Base case. There are two maps $\{1\}\to\{1,2\}$. Either $1\mapsto 1$ or $1\mapsto 2$.

Induction. Suppose that there is $n\geq 1$ such that the number of maps $\{1,\ldots,n\}\to\{1,2\}$ is $2^n$. Then, to specify a map $$\{1,\ldots,n,n+1\}\to\{1,2\}$$ we first have to specify where $\{1,\ldots,n\}$ goes. There are $2^n$ possibilities by the induction hypothesis. Now, there are only $2$ possibilities for the remaining number $n+1$, so there are $2^n\times 2=2^{n+1}$ possibilities in total.

  • $\begingroup$ @Spenser Great answer thanks :), but I don't understand why in the inductive step the range is {0,1}? $\endgroup$ – Alfie Jan 17 '17 at 15:33
  • $\begingroup$ @Alfie That was a typo. $\endgroup$ – Spenser Jan 17 '17 at 15:37

Every element should have a unique image.

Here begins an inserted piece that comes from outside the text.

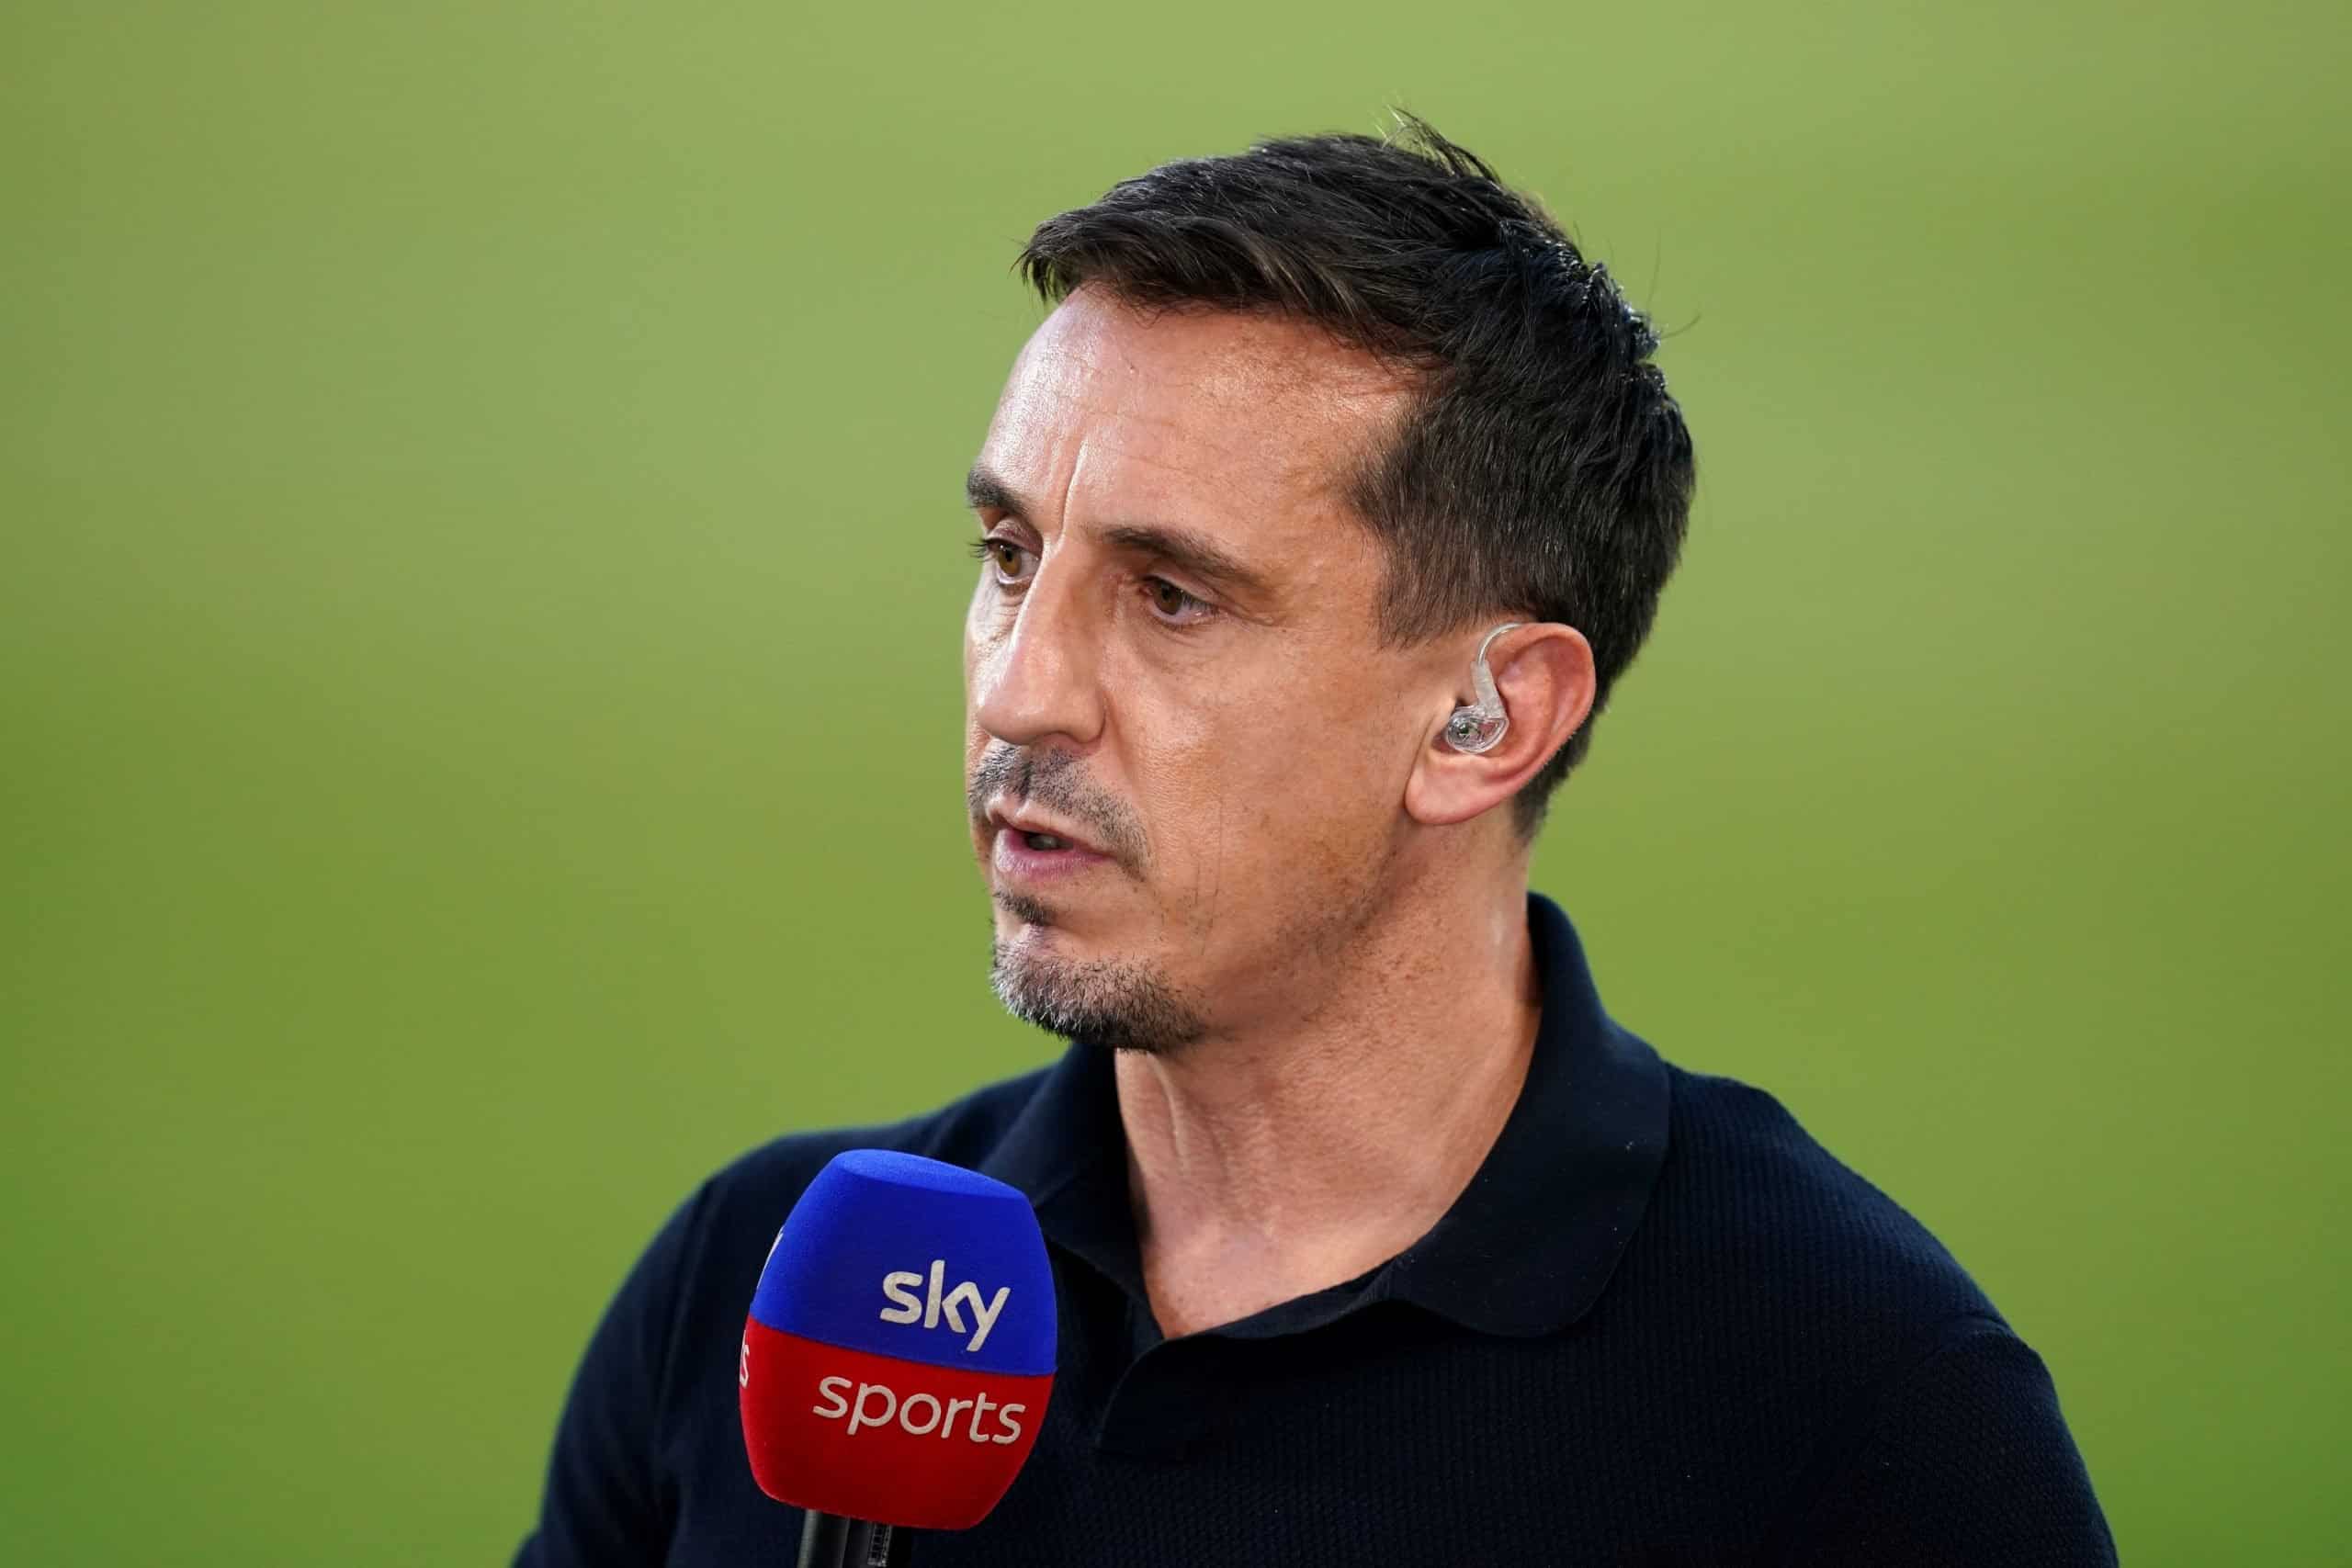 Watch: This is Manchester United! Gary Neville’s joke as they take on Liverpool

Therefore, you can give a combinatorial argument as follows:

For each element $e$ in domain, $f(e)$ can be either $1$ or $2$. Hence, for each element in domain there are two possible images and hence a total of $\underbrace{2.2.2...2}_{\text{n times}} = 2^n$ possible maps.

Nevertheless, you can go about using induction also.

For the base case: $f: \{1\} \rightarrow \{1,2\}$, either $f(1) = 1$ or $f(1) = 2$ so $2^1 = 2$ possible maps.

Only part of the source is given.